• [ACTIVITY]: Please repeat each of the records that follow, exactly as written.

• [TASK MATERIAL]:
<<<<

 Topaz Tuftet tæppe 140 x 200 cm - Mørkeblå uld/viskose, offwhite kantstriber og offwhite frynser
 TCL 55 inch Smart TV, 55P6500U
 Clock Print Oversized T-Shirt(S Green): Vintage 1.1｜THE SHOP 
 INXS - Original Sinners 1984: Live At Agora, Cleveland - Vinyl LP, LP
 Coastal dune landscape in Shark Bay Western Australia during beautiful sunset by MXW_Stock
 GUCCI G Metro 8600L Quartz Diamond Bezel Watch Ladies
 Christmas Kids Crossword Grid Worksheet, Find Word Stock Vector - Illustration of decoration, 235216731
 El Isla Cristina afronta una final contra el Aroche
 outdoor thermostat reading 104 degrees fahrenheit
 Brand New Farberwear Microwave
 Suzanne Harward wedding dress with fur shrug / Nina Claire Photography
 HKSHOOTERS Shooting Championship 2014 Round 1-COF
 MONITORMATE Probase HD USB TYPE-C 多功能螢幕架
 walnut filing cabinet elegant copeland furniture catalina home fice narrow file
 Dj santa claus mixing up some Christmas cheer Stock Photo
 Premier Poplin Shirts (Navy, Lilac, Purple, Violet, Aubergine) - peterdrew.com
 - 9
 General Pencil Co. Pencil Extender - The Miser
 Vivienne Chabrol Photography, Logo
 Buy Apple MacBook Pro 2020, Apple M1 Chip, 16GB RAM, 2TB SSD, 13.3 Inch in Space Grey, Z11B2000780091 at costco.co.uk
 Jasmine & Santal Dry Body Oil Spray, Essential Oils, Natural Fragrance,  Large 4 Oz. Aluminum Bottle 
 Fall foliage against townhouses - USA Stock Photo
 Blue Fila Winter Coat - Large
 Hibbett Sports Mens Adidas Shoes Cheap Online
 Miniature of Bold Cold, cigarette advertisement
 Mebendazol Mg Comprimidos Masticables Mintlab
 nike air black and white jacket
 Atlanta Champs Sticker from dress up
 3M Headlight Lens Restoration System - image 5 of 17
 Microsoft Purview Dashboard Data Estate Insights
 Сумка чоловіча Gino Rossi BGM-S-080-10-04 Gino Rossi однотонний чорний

>>>>

• [SOLUTION TO THIS PROBLEM]:
 Topaz Tuftet tæppe 140 x 200 cm - Mørkeblå uld/viskose, offwhite kantstriber og offwhite frynser
 TCL 55 inch Smart TV, 55P6500U
 Clock Print Oversized T-Shirt(S Green): Vintage 1.1｜THE SHOP 
 INXS - Original Sinners 1984: Live At Agora, Cleveland - Vinyl LP, LP
 Coastal dune landscape in Shark Bay Western Australia during beautiful sunset by MXW_Stock
 GUCCI G Metro 8600L Quartz Diamond Bezel Watch Ladies
 Christmas Kids Crossword Grid Worksheet, Find Word Stock Vector - Illustration of decoration, 235216731
 El Isla Cristina afronta una final contra el Aroche
 outdoor thermostat reading 104 degrees fahrenheit
 Brand New Farberwear Microwave
 Suzanne Harward wedding dress with fur shrug / Nina Claire Photography
 HKSHOOTERS Shooting Championship 2014 Round 1-COF
 MONITORMATE Probase HD USB TYPE-C 多功能螢幕架
 walnut filing cabinet elegant copeland furniture catalina home fice narrow file
 Dj santa claus mixing up some Christmas cheer Stock Photo
 Premier Poplin Shirts (Navy, Lilac, Purple, Violet, Aubergine) - peterdrew.com
 - 9
 General Pencil Co. Pencil Extender - The Miser
 Vivienne Chabrol Photography, Logo
 Buy Apple MacBook Pro 2020, Apple M1 Chip, 16GB RAM, 2TB SSD, 13.3 Inch in Space Grey, Z11B2000780091 at costco.co.uk
 Jasmine & Santal Dry Body Oil Spray, Essential Oils, Natural Fragrance,  Large 4 Oz. Aluminum Bottle 
 Fall foliage against townhouses - USA Stock Photo
 Blue Fila Winter Coat - Large
 Hibbett Sports Mens Adidas Shoes Cheap Online
 Miniature of Bold Cold, cigarette advertisement
 Mebendazol Mg Comprimidos Masticables Mintlab
 nike air black and white jacket
 Atlanta Champs Sticker from dress up
 3M Headlight Lens Restoration System - image 5 of 17
 Microsoft Purview Dashboard Data Estate Insights
 Сумка чоловіча Gino Rossi BGM-S-080-10-04 Gino Rossi однотонний чорний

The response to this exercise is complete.